Task objective
Repeat the data as given. Images do not go in the copy.

Exercise data
◆ ◆ ◆
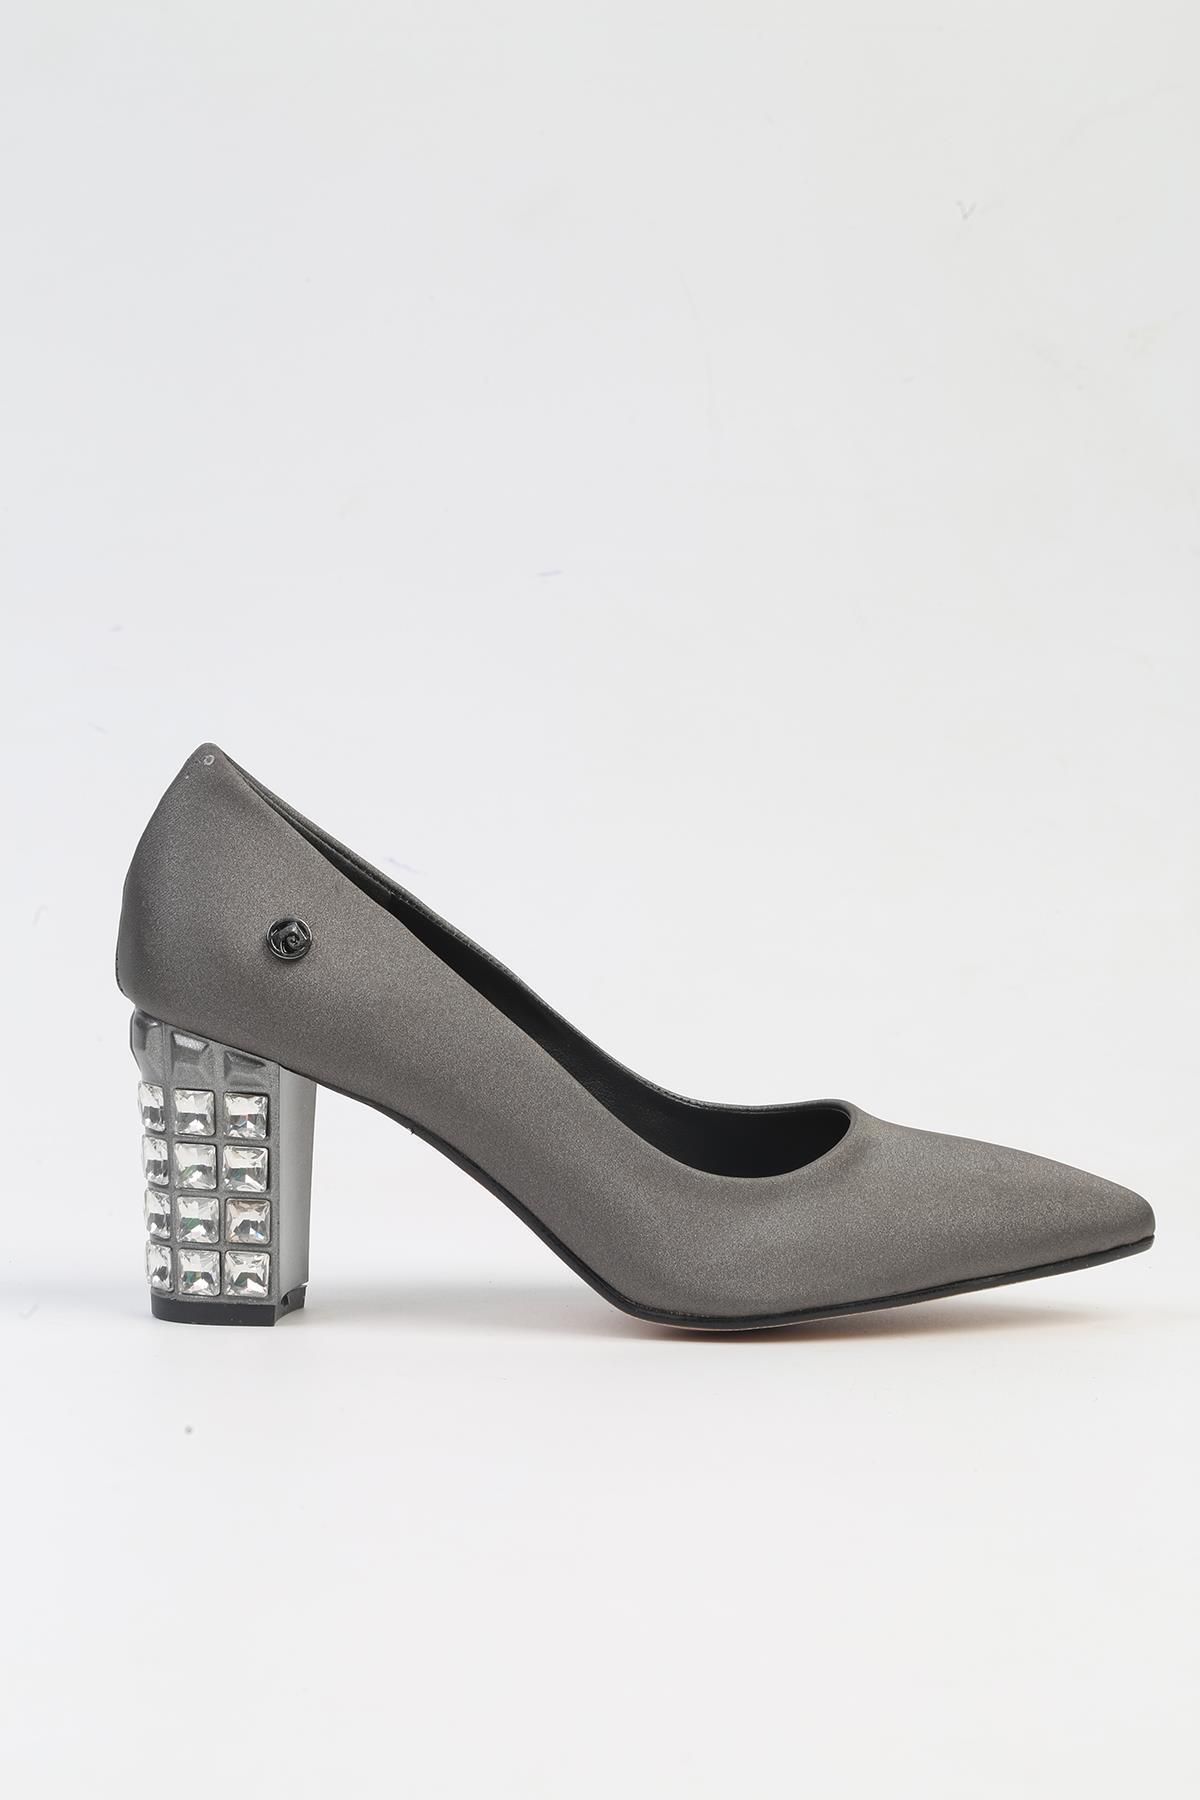 Pierre Cardin ® | PC-51201 - 3478 Platin Saten - Kadın Topuklu Ayakkabı
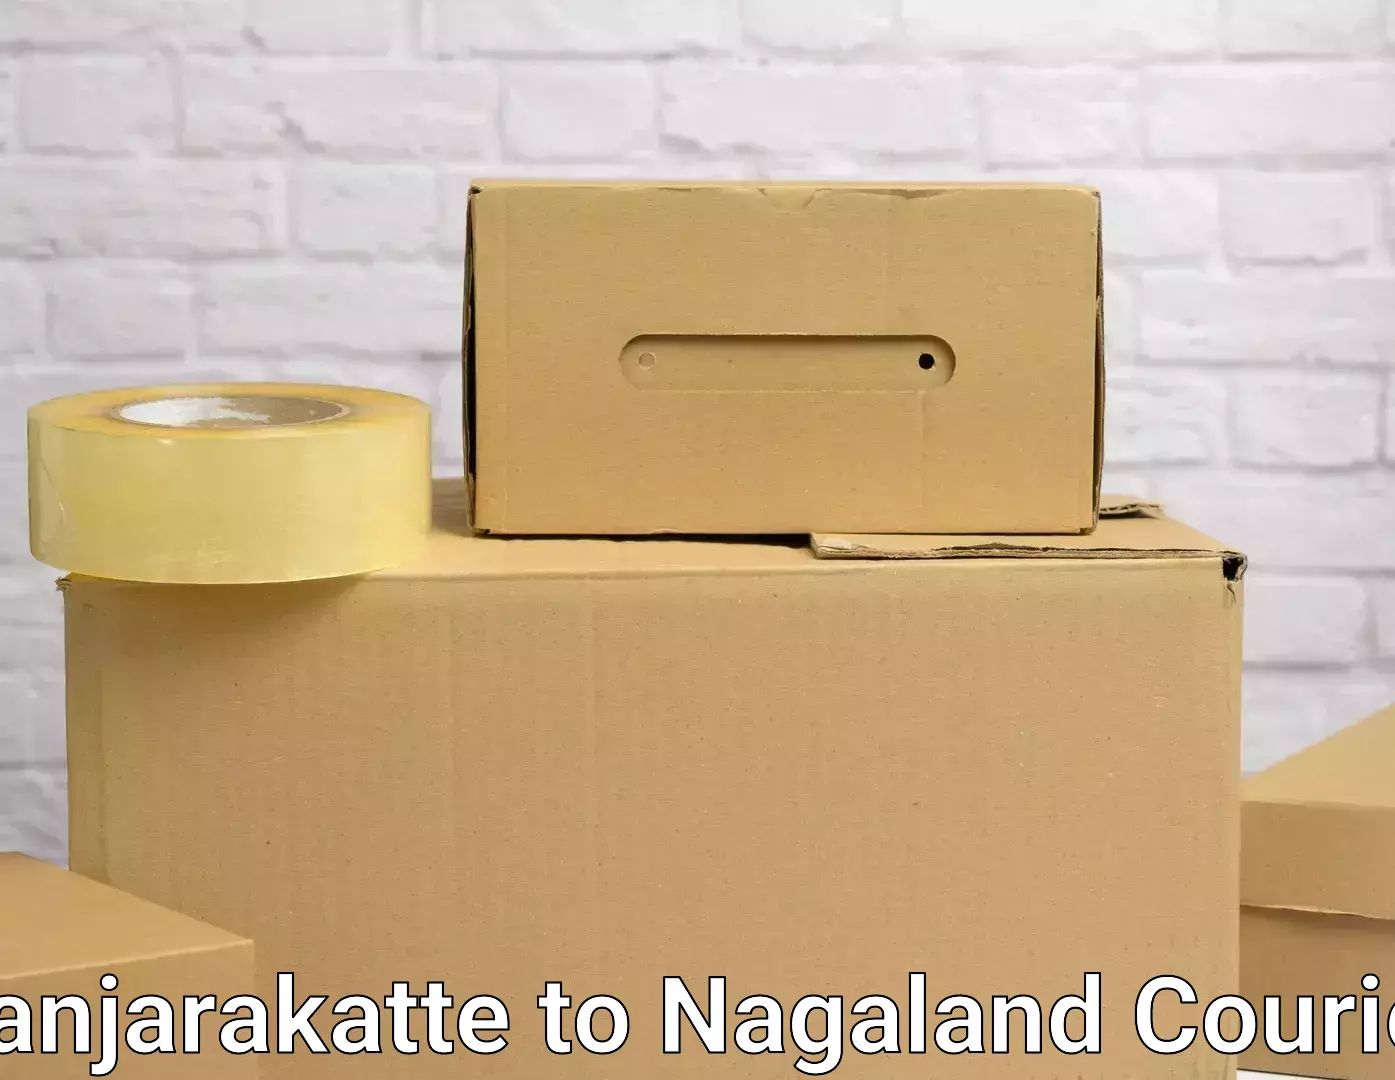 Professional furniture moving Kanjarakatte to NIT Nagaland
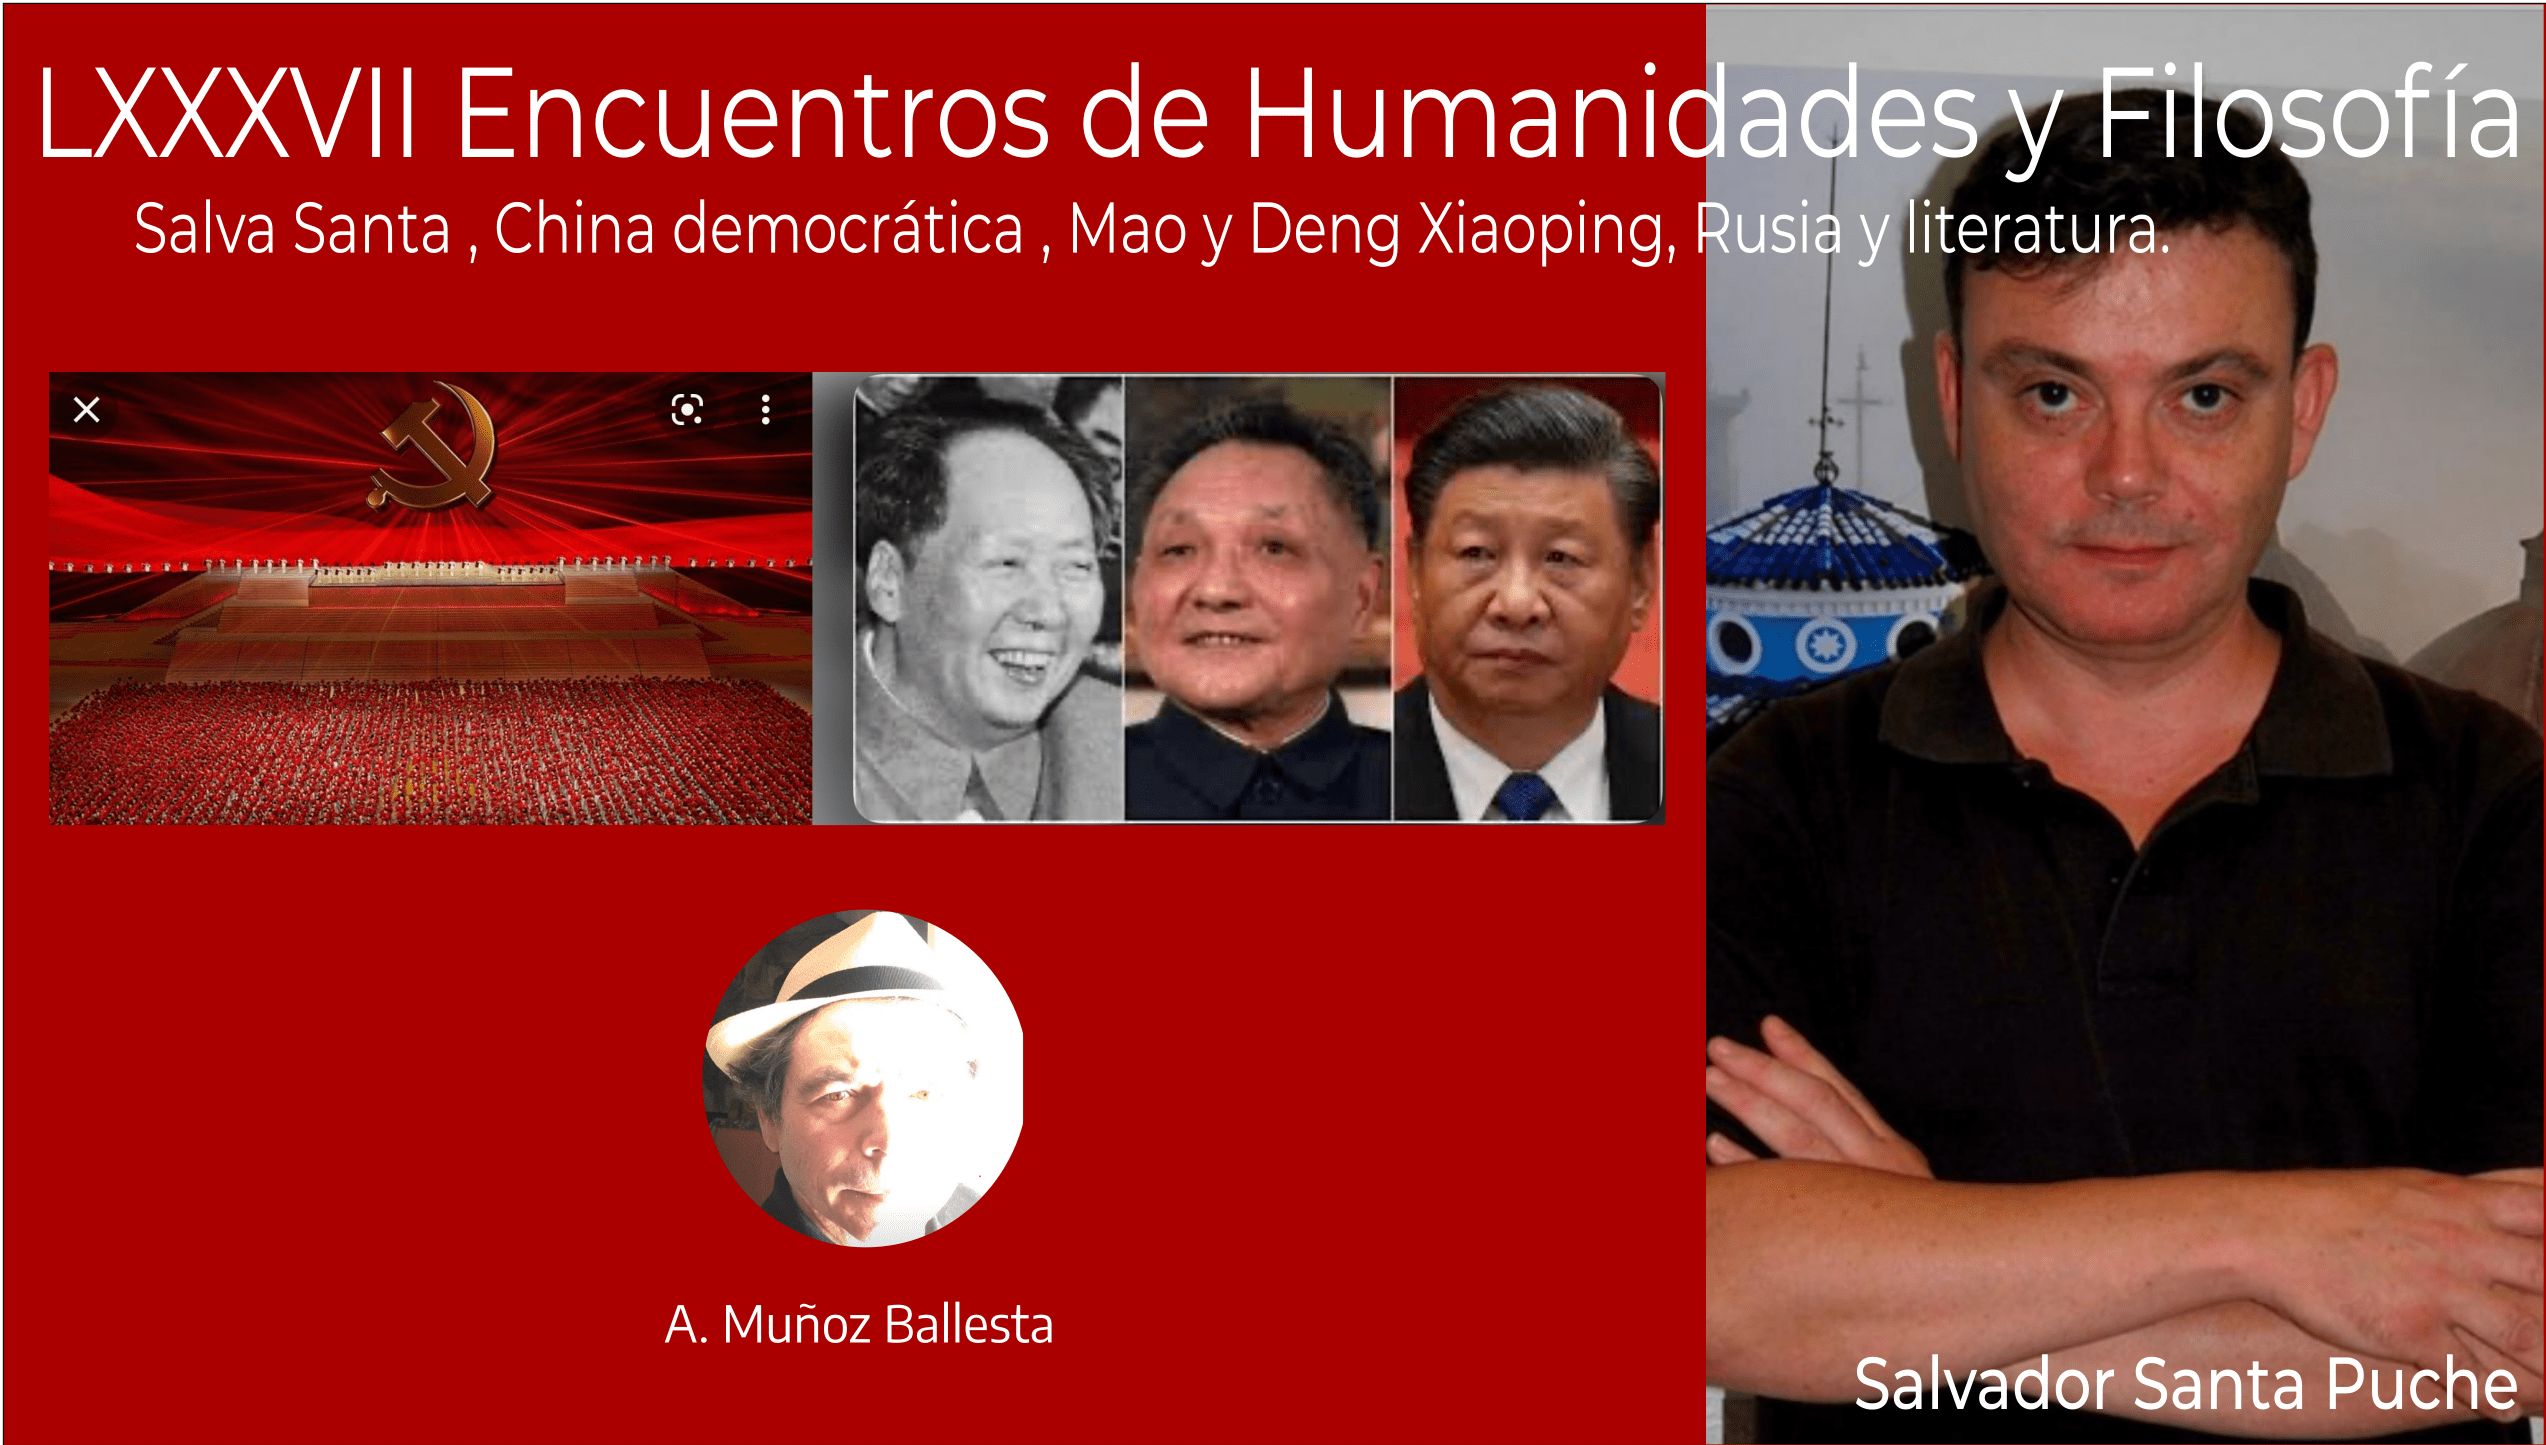  LXXXVII Encuentros Humanidades y Filosofía,  Salva Santa , China democrática , Mao y Deng Xiaoping, Rusia y literatura.
◆ ◆ ◆
Reply to the task
 Pierre Cardin ® | PC-51201 - 3478 Platin Saten - Kadın Topuklu Ayakkabı
 Professional furniture moving Kanjarakatte to NIT Nagaland
  LXXXVII Encuentros Humanidades y Filosofía,  Salva Santa , China democrática , Mao y Deng Xiaoping, Rusia y literatura.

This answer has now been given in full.